TASK REQUIREMENTS: Every line from the one containing "5' Wide Hot" through the end of the listing below must be given again exactly, and nothing else; exclude pictures.

STORED DATA:
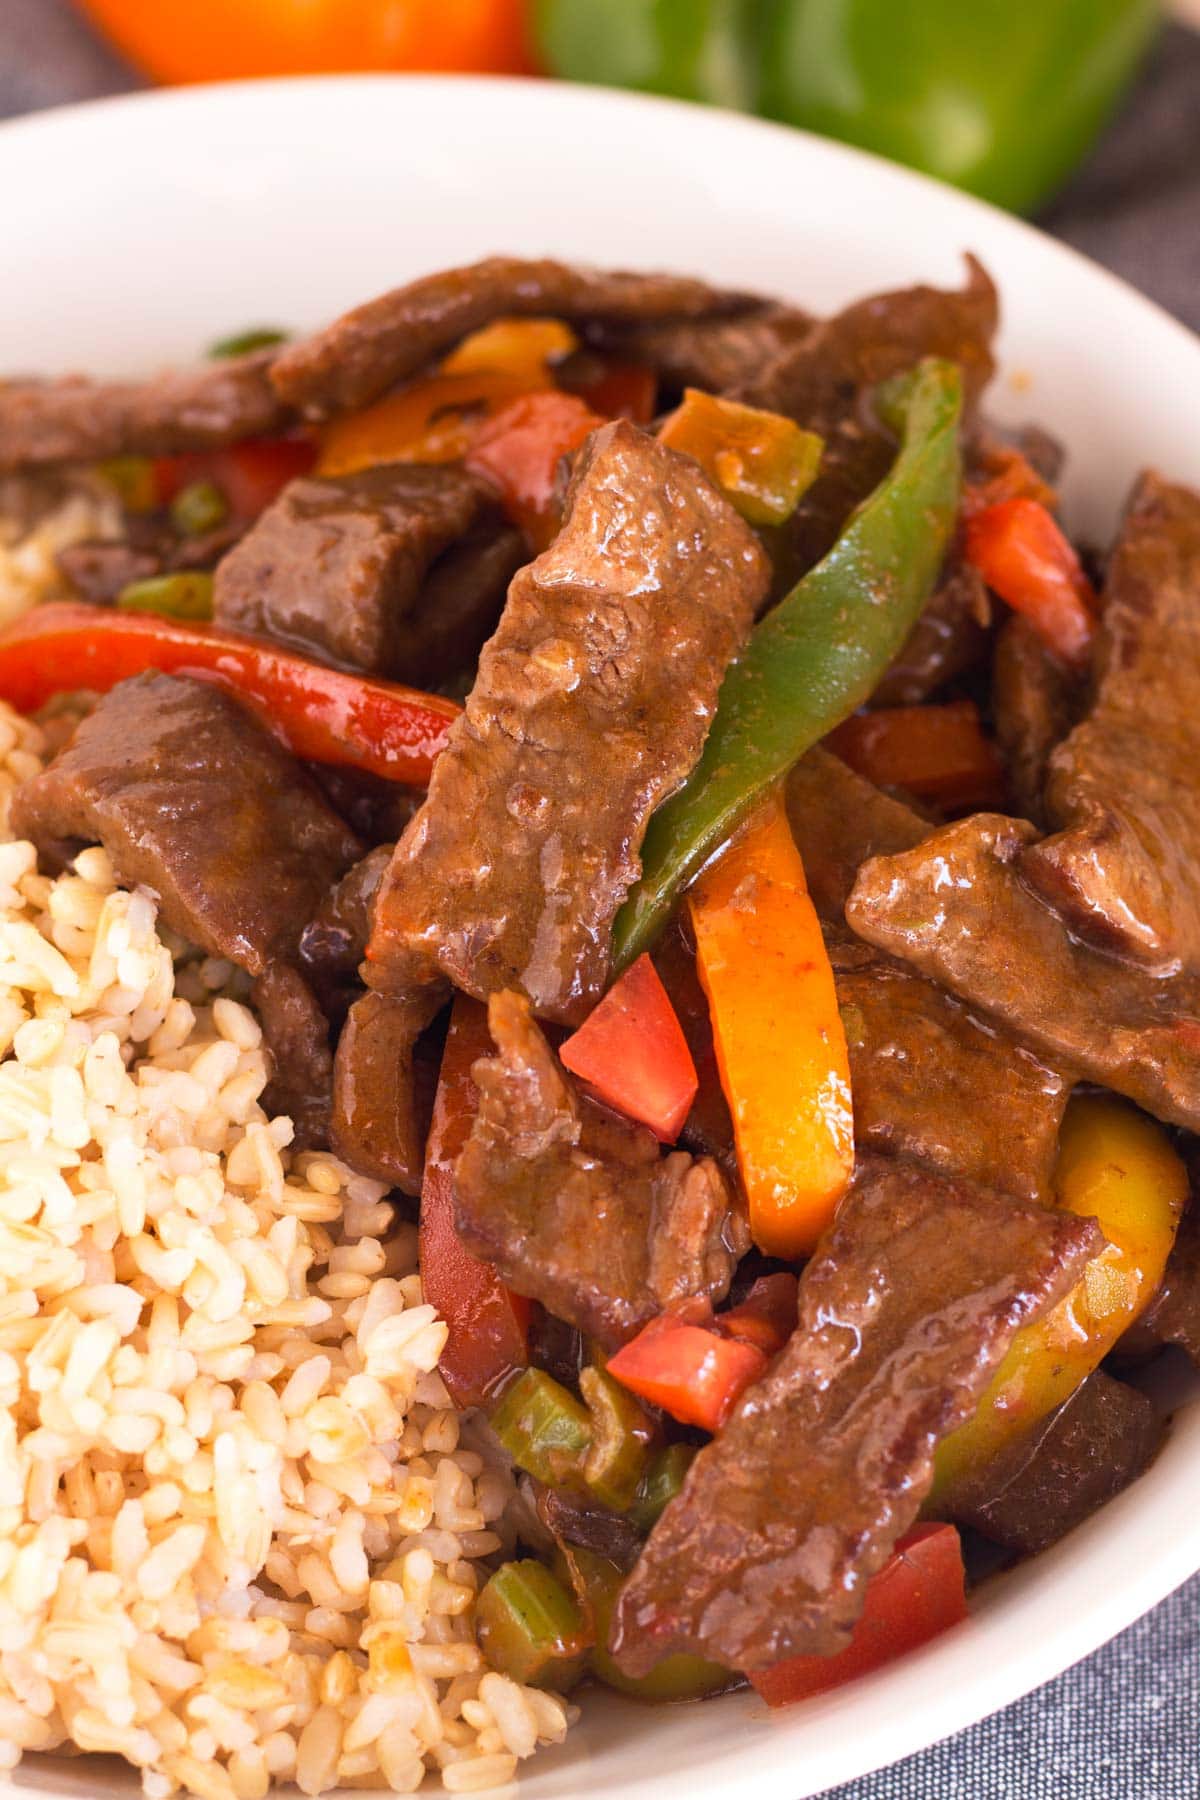 Tender pieces of pepper steak served over rice.
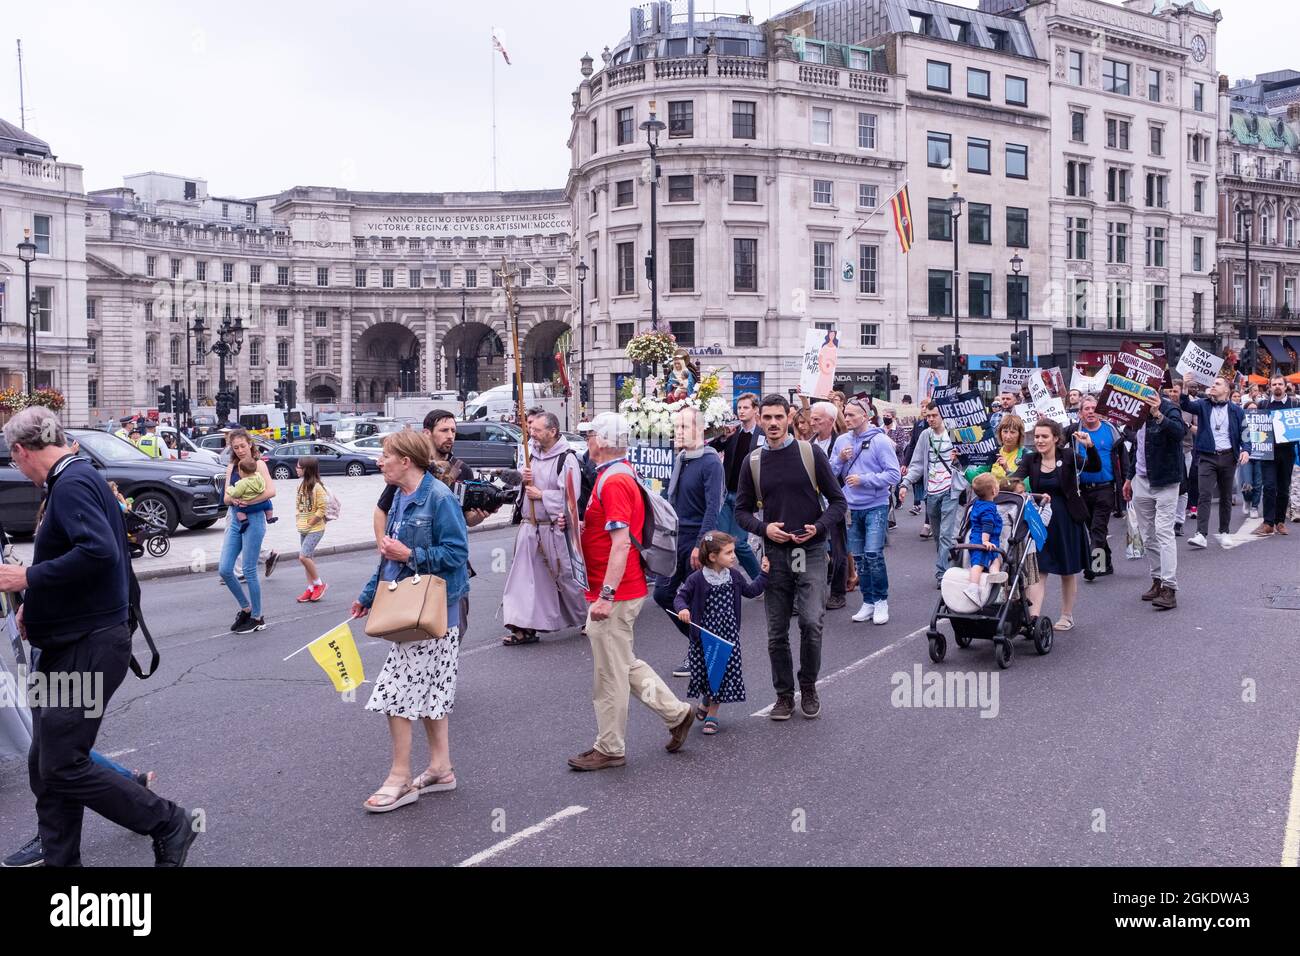 Demonstrators at the Extinction Rebellion ‘Tea Party’ rally, September 4th 2020 in Central London. The march was combined with a pro-life demonstration Stock Photo
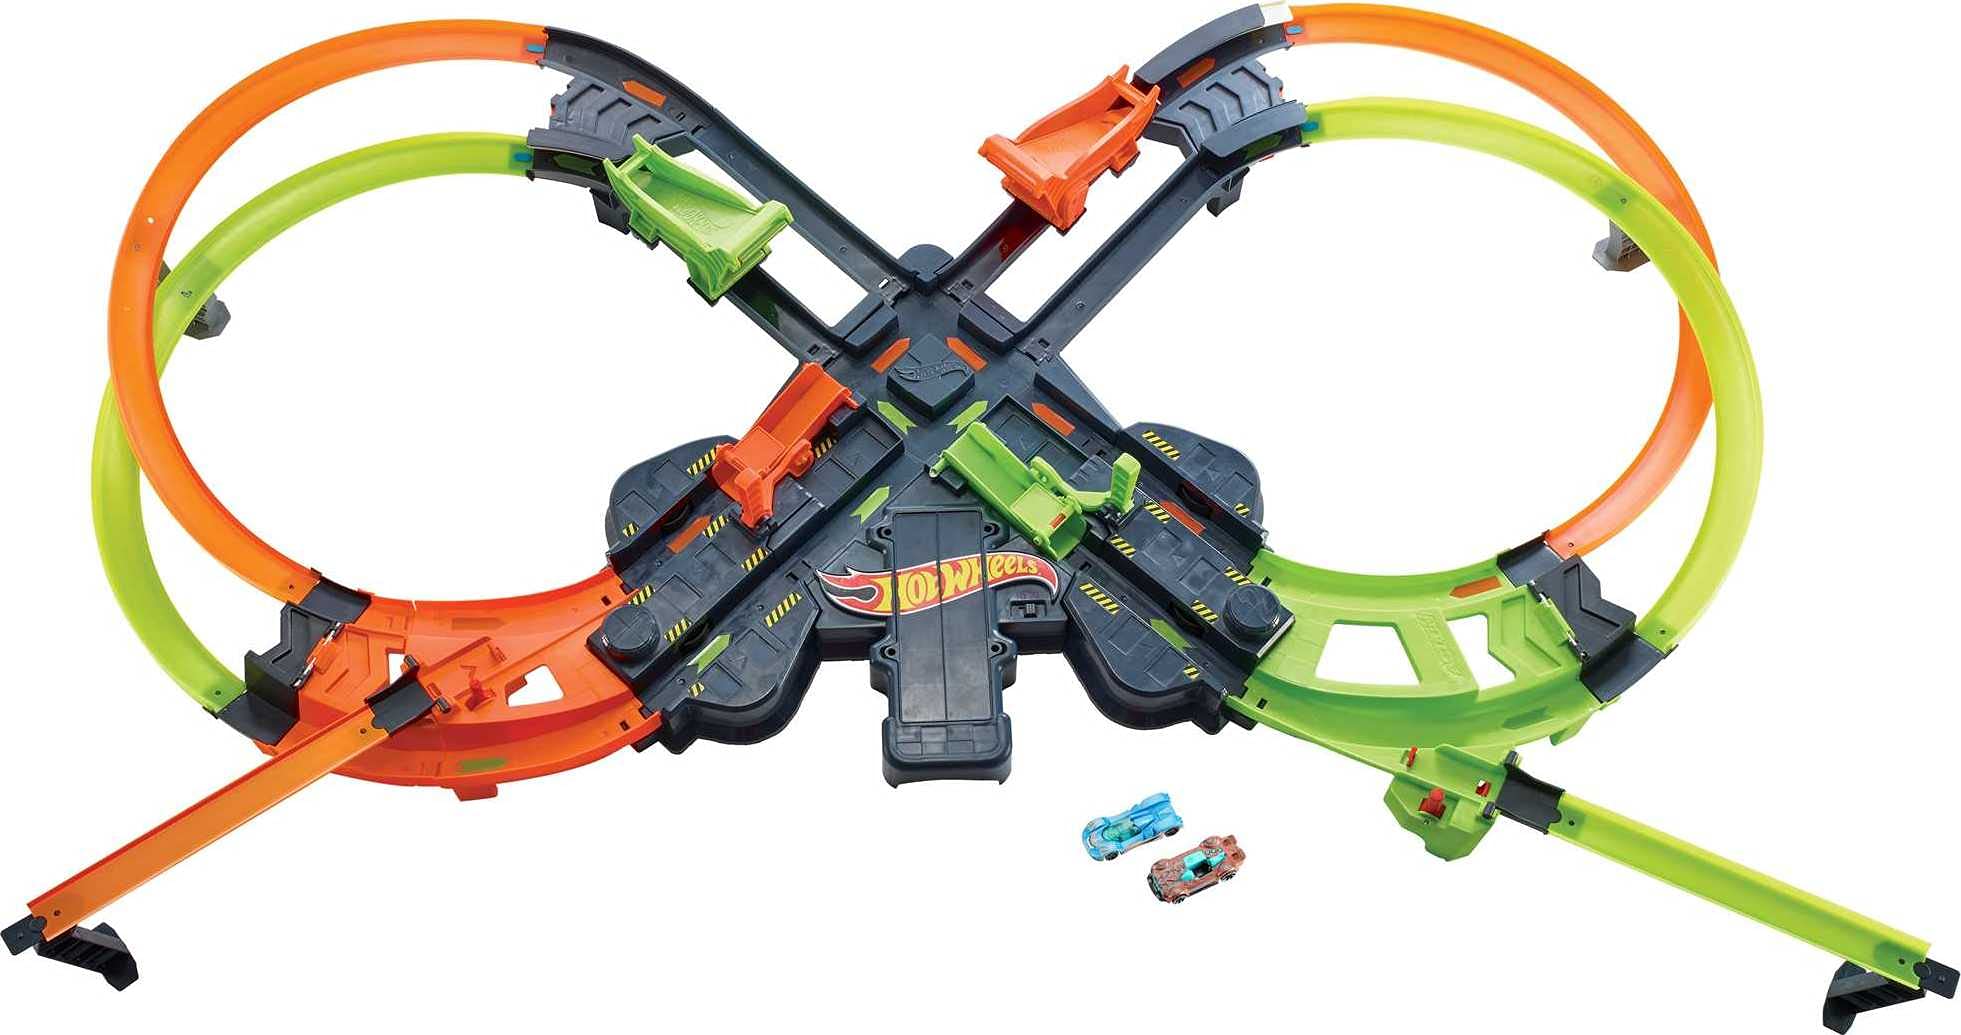 5' Wide Hot Wheels Colossal Crash Double Figure-Eight Track Set w/ Motorized Boosters & 2 Cars $45.72 + Free Shipping
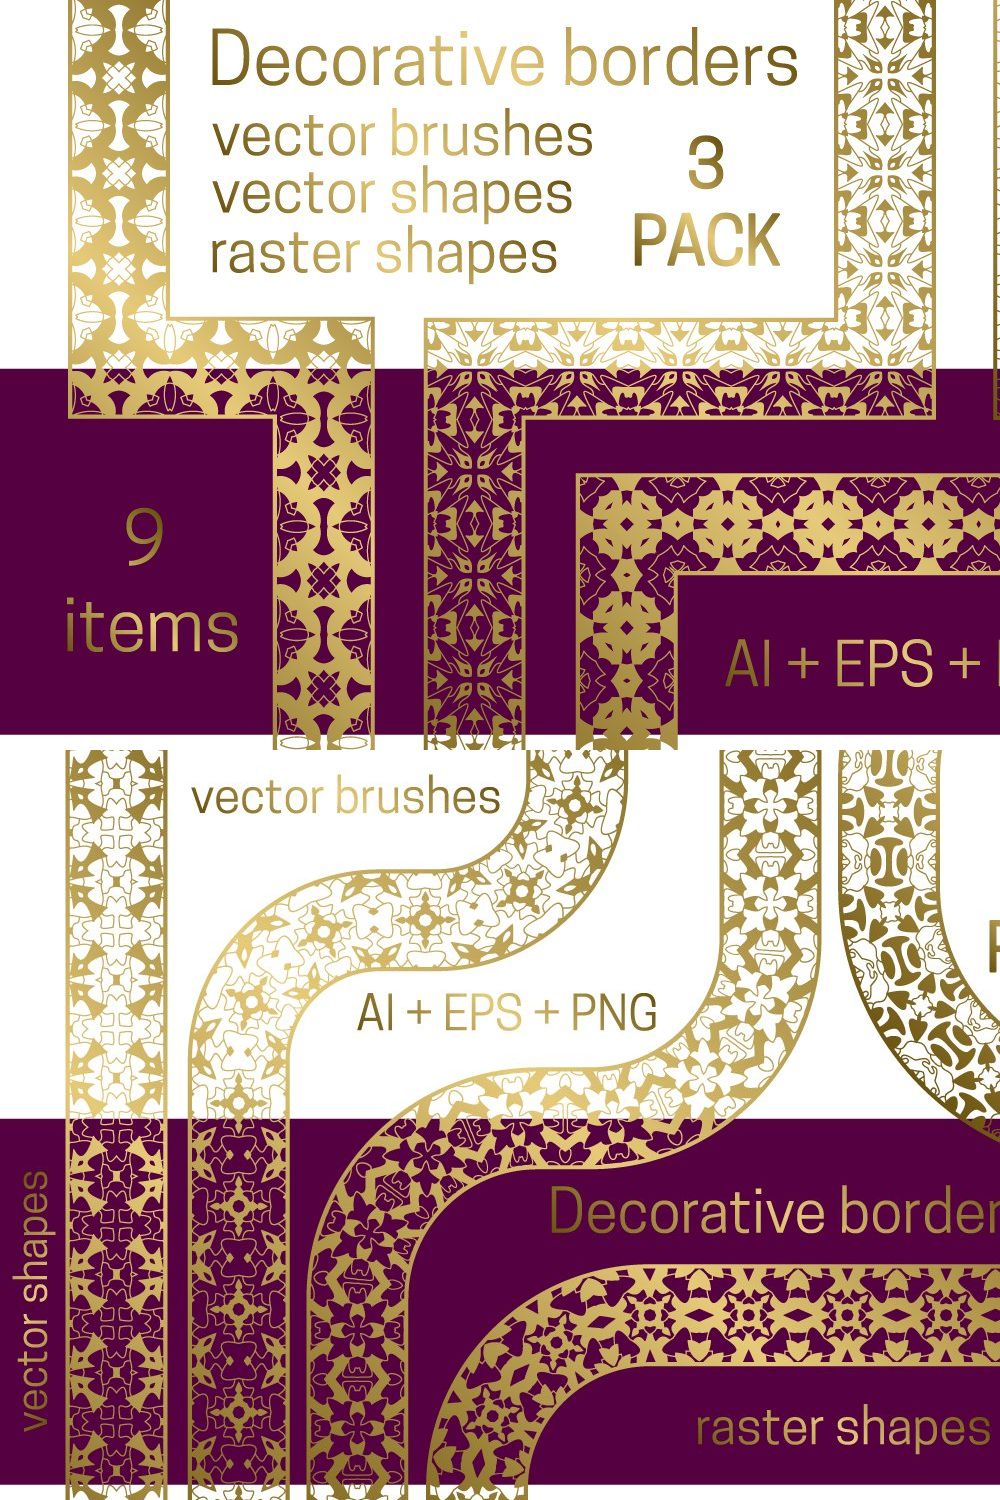 Decorative borders pack 3 pinterest preview image.

RESPONSE TO THIS EXERCISE:
 5' Wide Hot Wheels Colossal Crash Double Figure-Eight Track Set w/ Motorized Boosters & 2 Cars $45.72 + Free Shipping
 Decorative borders pack 3 pinterest preview image.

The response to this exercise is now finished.